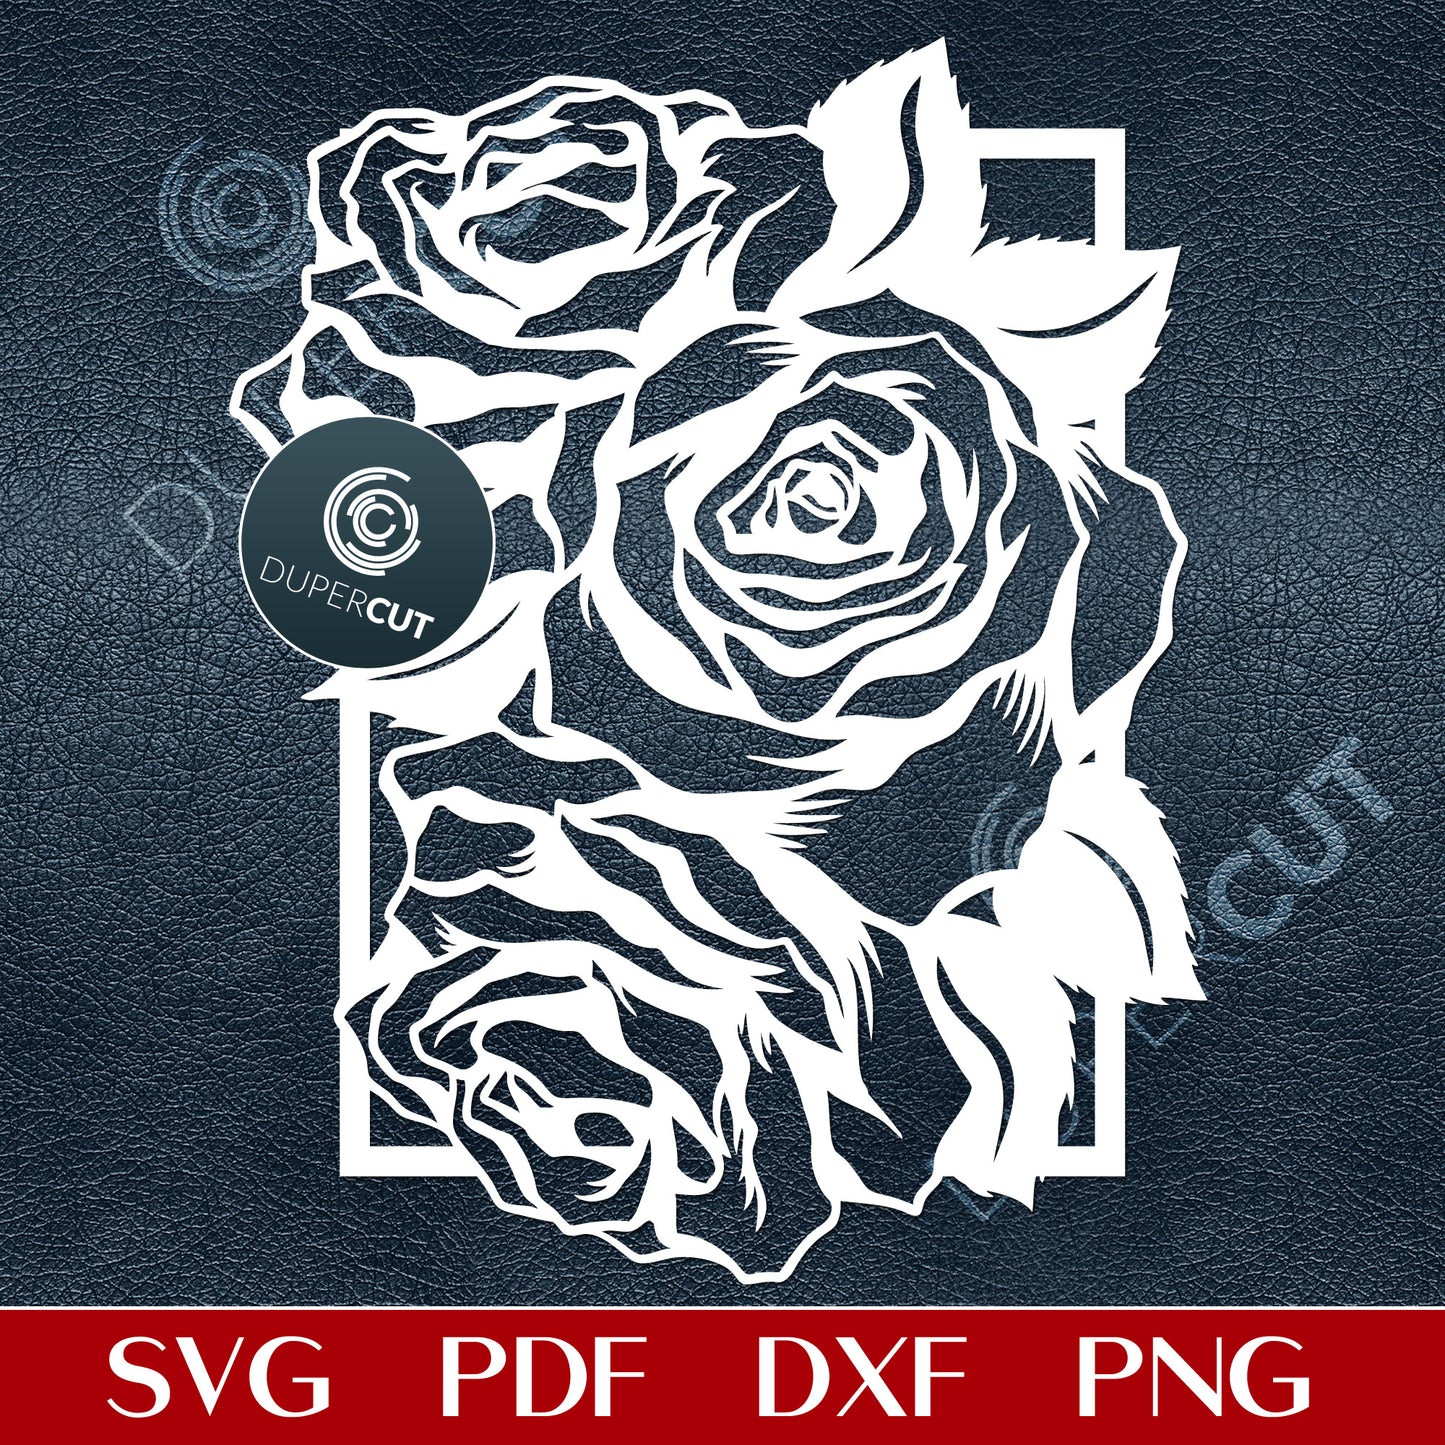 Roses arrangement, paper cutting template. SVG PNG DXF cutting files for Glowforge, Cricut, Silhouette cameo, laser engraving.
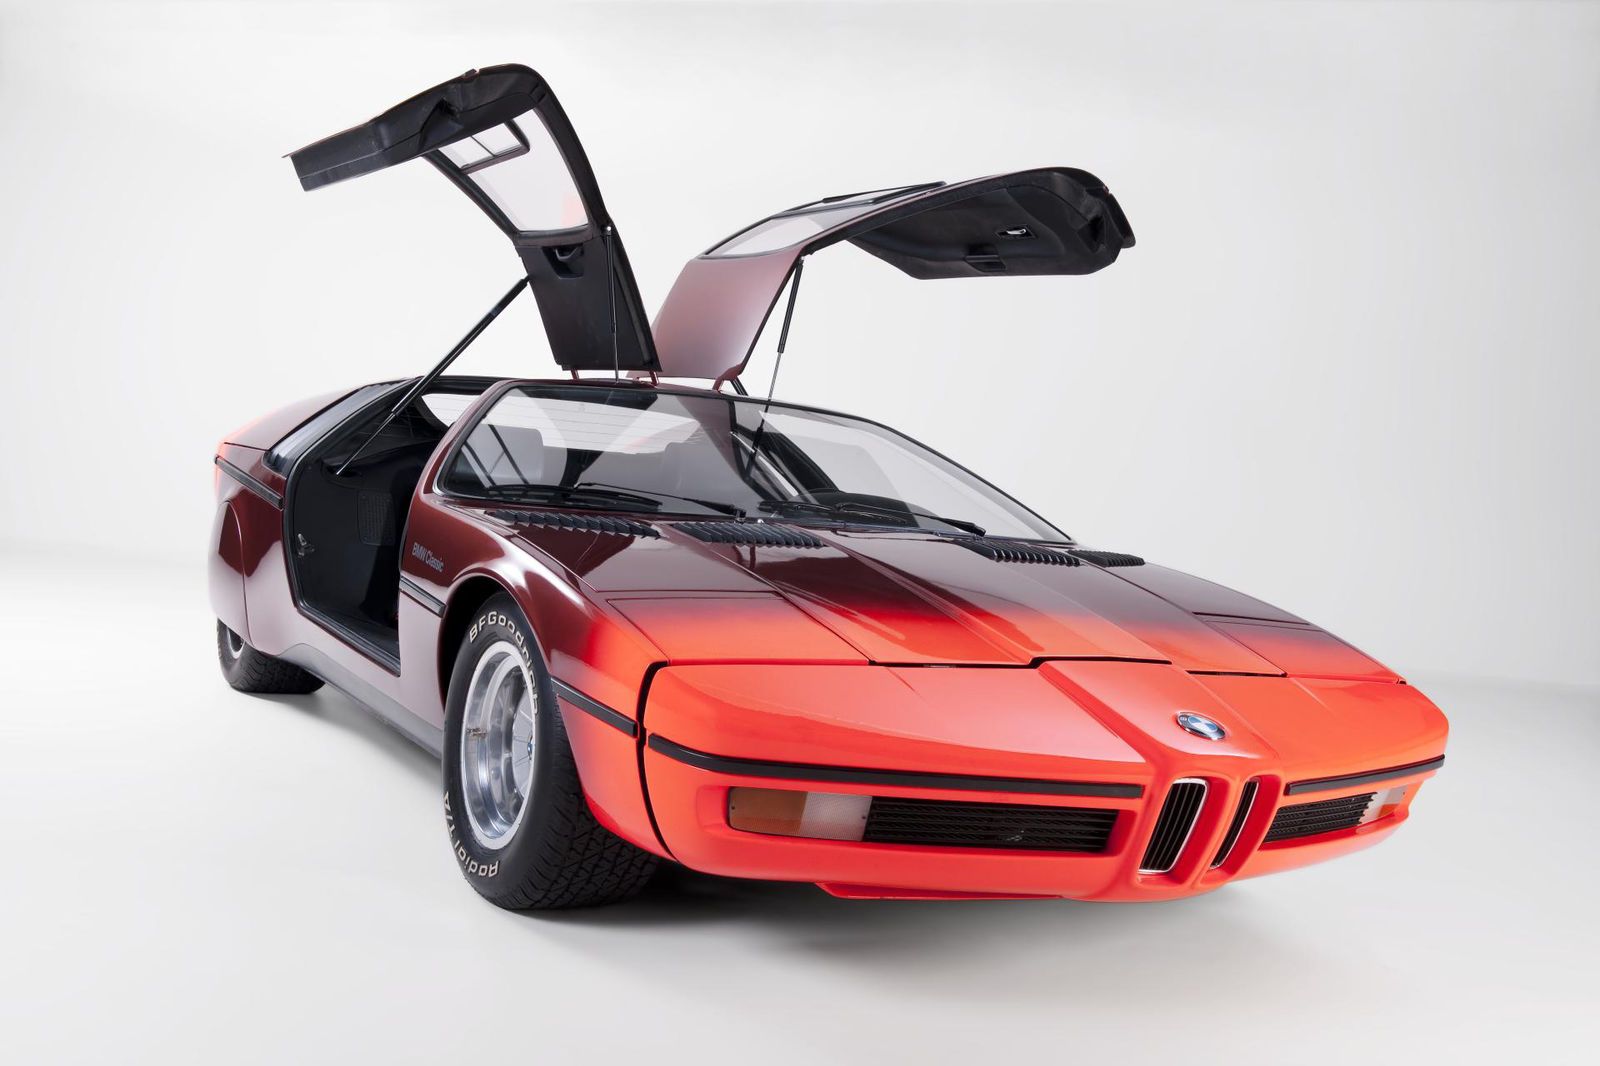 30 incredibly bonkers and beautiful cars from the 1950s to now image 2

==

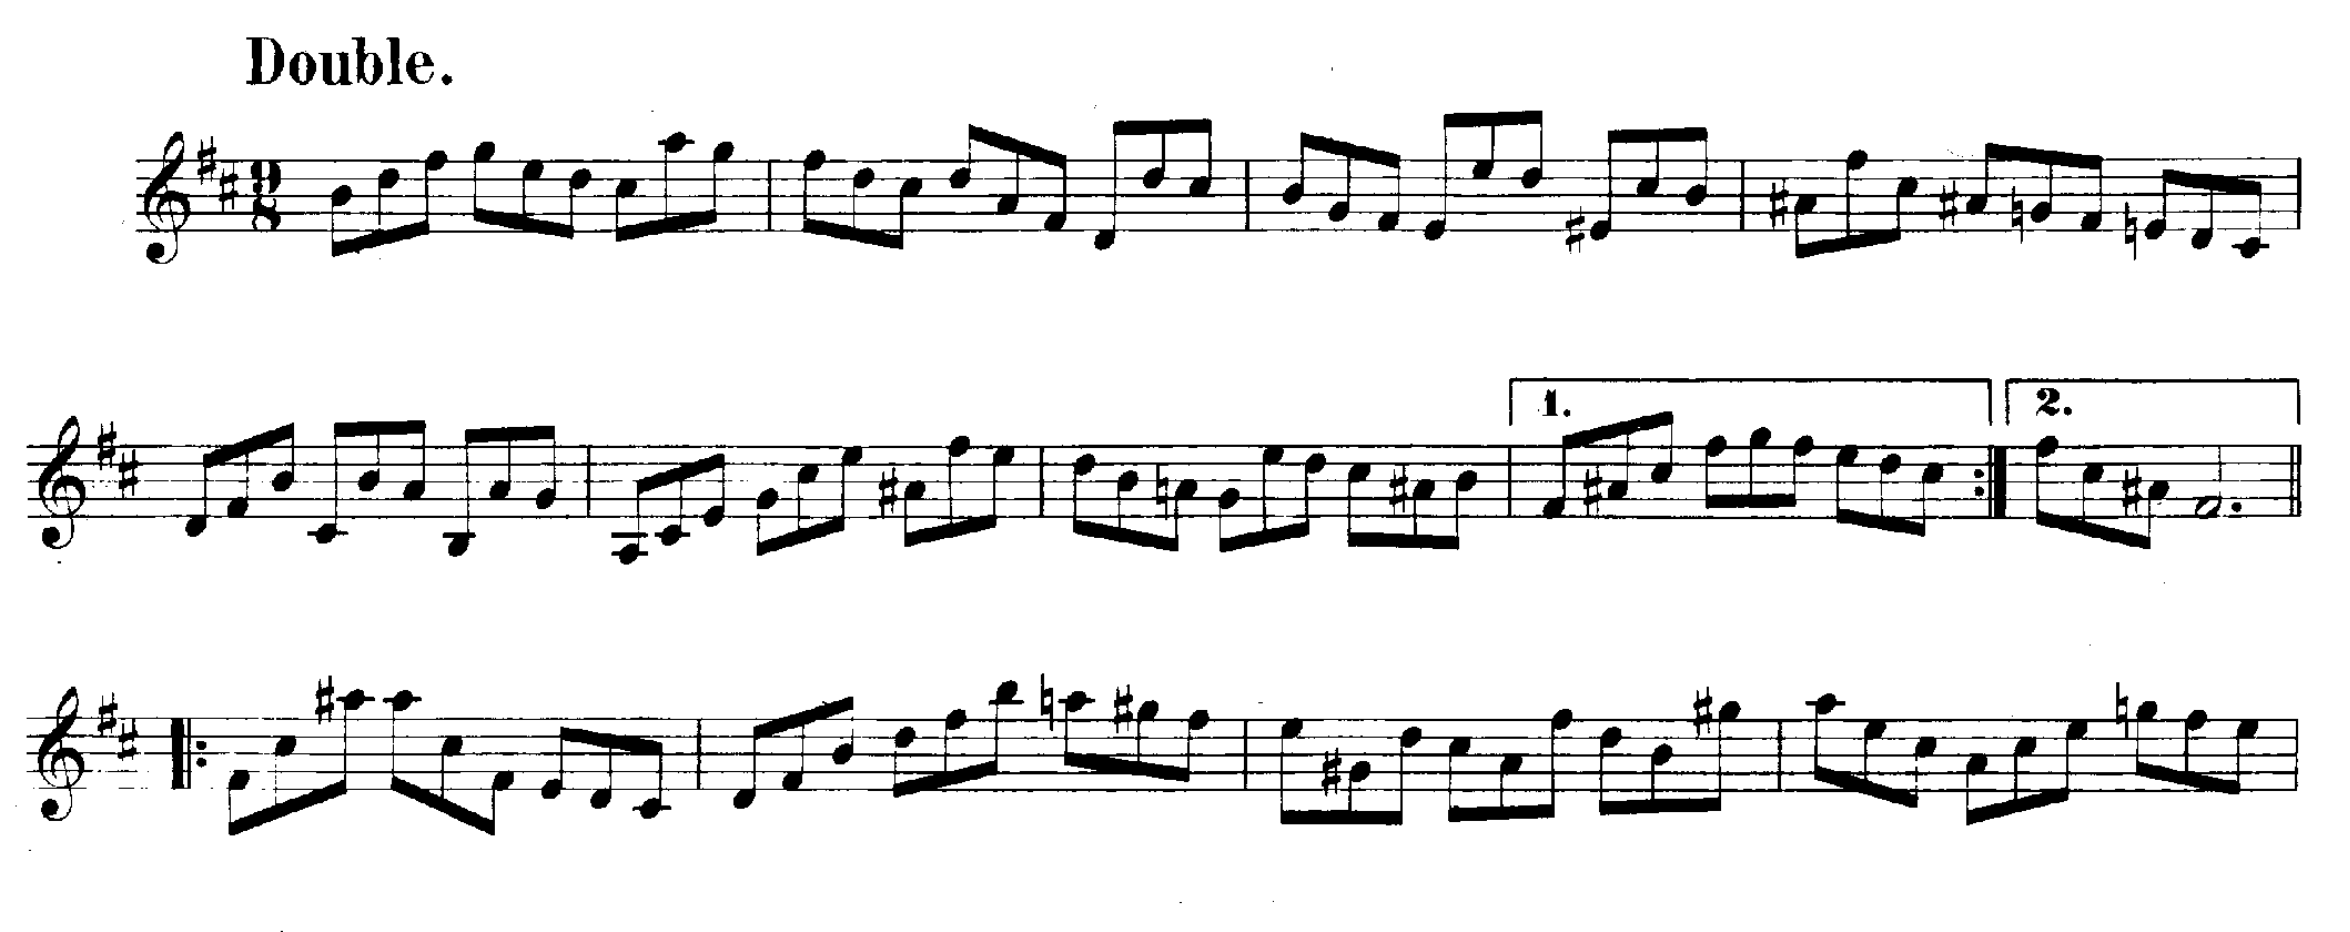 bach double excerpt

• _What you are asked to do_:
Leave the pictures out. Output, exactly, the lines of the material above starting at the line containing "Roses arrangement, paper" and ending at the line containing "30 incredibly bonkers".

• _Completed task_:
 Roses arrangement, paper cutting template. SVG PNG DXF cutting files for Glowforge, Cricut, Silhouette cameo, laser engraving.
 30 incredibly bonkers and beautiful cars from the 1950s to now image 2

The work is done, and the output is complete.